Из предреволюционных встреч с Георгием Васильевичем последней было наше свидание в Лондоне. Знаю не только по своему опыту: когда русские ненадолго приезжали в Лондон, их можно было найти в библиотеке Британского музея, То, что могла предложить библиотека, не могло предложить ни одно из иных европейских книжных и рукописных собраний. Поэтому, попав в конце шестнадцатого года в Лондон, я устремился в Британский музей. Помню, что просидел над подшивкой лондонской «Колл» до вечера и, проголодавшись, пошел в буфет. Бутерброд и стакан молока не потребовали много времени, и я готовился вернуться в читальный зал, когда увидел Георгия Васильевича. Видно, годы, прошедшие со времени нашей парижской встречи, были для него нелегкими: он похудел и, пожалуй, даже осунулся, только глаза были прежними — большие, мглисто–коричневые, они все с той же печалью смотрели вокруг. «Николай Андреевич, вы знакомы с Маклином? — спросил он и указал на своего собеседника, который с пристальным вниманием рассматривал меня; человек отнял ото рта массивную трубку, как мне показалось потухшую, поклонился. — Друг Маклин приглашает в Эдинбург, а потом готов провезти по стране, обещая показать Шотландию Бёрн–са… Заманчиво, но как выбраться из Лондона — время вон какое горячее!» Да, то был Маклин, знаменитый Маклин, воитель революции, борец за шотландскую свободу, которого только что вызволила из тюрьмы рабочая Великобритания. «Не теряю надежды и я пригласить друга Маклина в свободную Россию, да кстати показать ему Россию Лермонтова… «О, Лермонт, Лер–монт!» — воскликнул Маклин, на шотландский манер многократно повторив имя поэта и точно подчеркнув: Лермонтову не чужда Шотландия, совсем не чужда… «Маклин говорит, что нет города на островах, который бы так ожесточился против войны, как Глазго», — произнес Георгий Васильевич и вызвал восторг у Маклина. «О, Глазго, Глазго!» — возликовал шотландец. Мне показалось в этот раз, что антивоенные настроения завладели Чичериным не на шутку — своих здешних друзей он подбирал по этому признаку, Маклин был одним из них. Очевидно, влияние Маклина на Чичерина, как в свое время и влияние Либкнехта, было плодотворным, имел место и обратный процесс. У этой встречи был более чем красноречивый эпилог. Не без участия Чичерина шотландец стал другом русской свободы и доказал это делом, согласившись вскоре после Октября быть первым консулом советской России в Шотландии.
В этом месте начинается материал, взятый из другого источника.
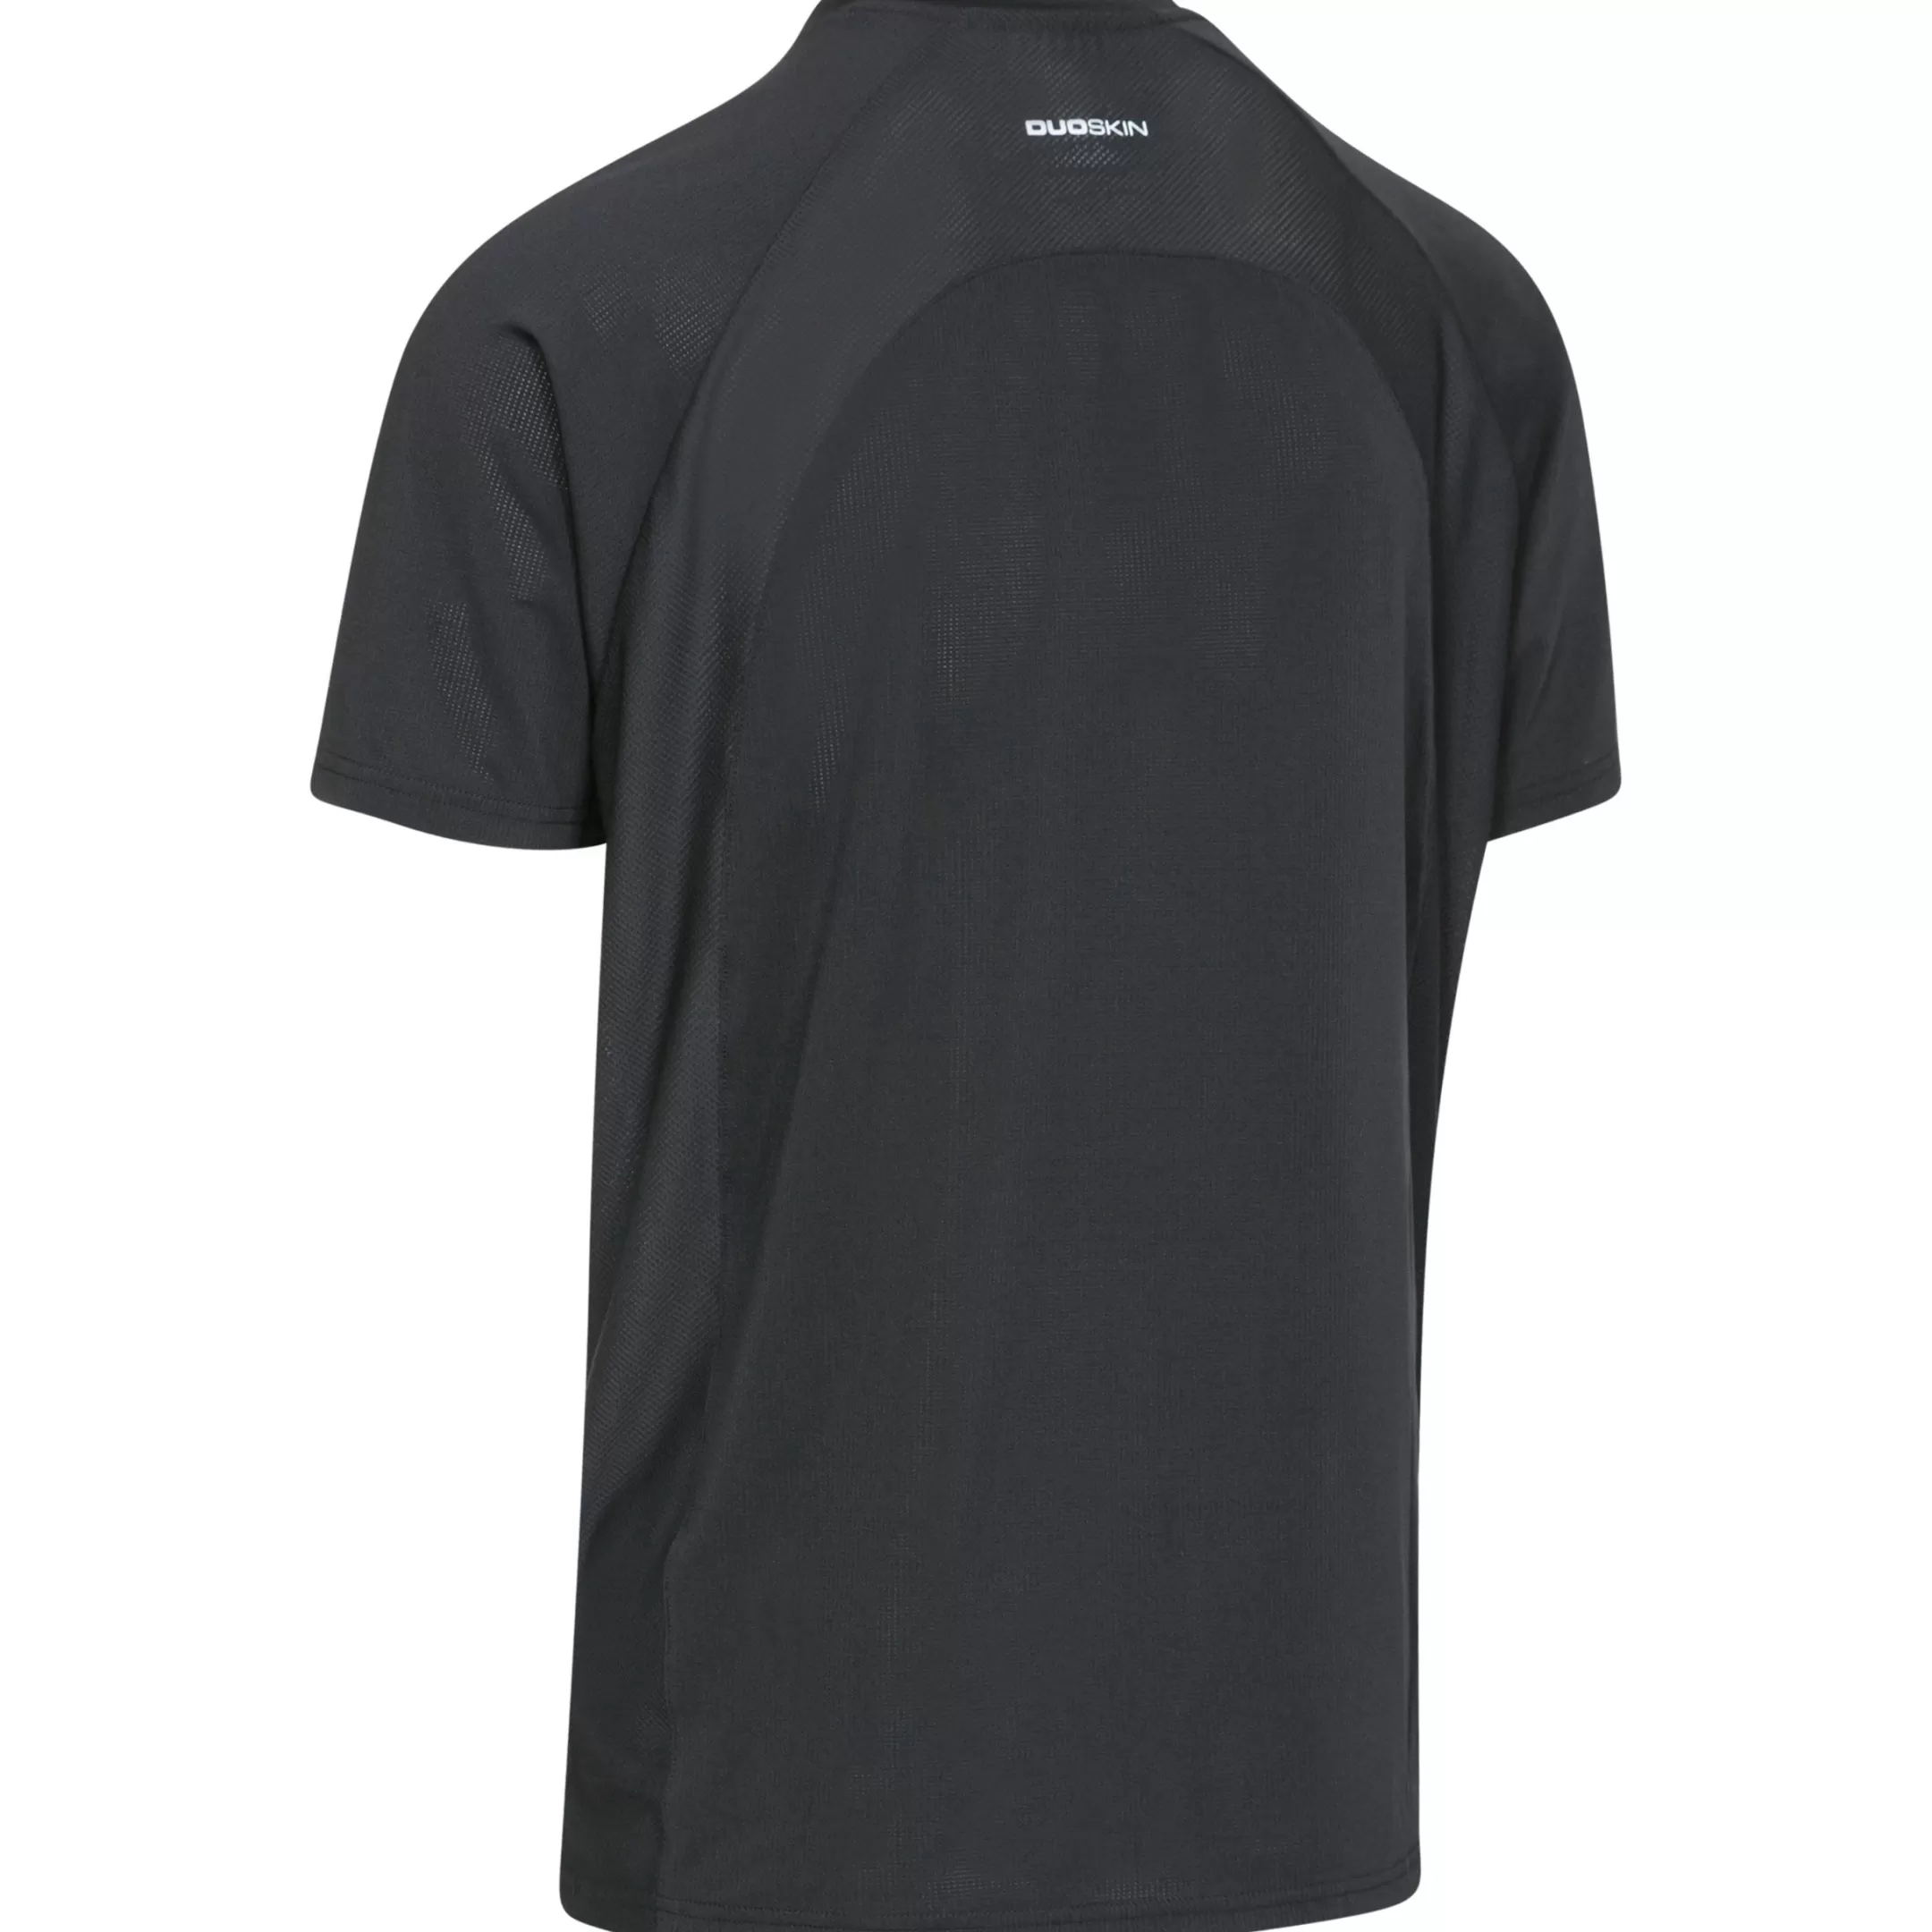 Men's Quick Dry Active T-shirt Cacama | Trespass Store

Вспоминаю Чичерина, и на память приходят его собеседники: Плеханов, Либкнехт, Коллонтай, Маклин…
Наверно, воздействие их на Георгия Васильевича было неодинаковым, но в моем сознании он рос от одной встречи к другой, укрепляясь в своей вере, которая с такой силой заявила о себе в последующие годы, когда он встал рядом с Лениным как его сподвижник и народный комиссар… Вот вопрос, который я не раз задавал себе: как складывались их отношения, как возникли, развивались с самого начала? Ленин, разумеется, знал о колебаниях Чичерина, но, так мне кажется, не относил его к прочим плехановцам, заметно обосабливая. Есть свидетельство убедительное, что дело обстояло именно так: «В примиренческом парижском «Нашем Слове» т.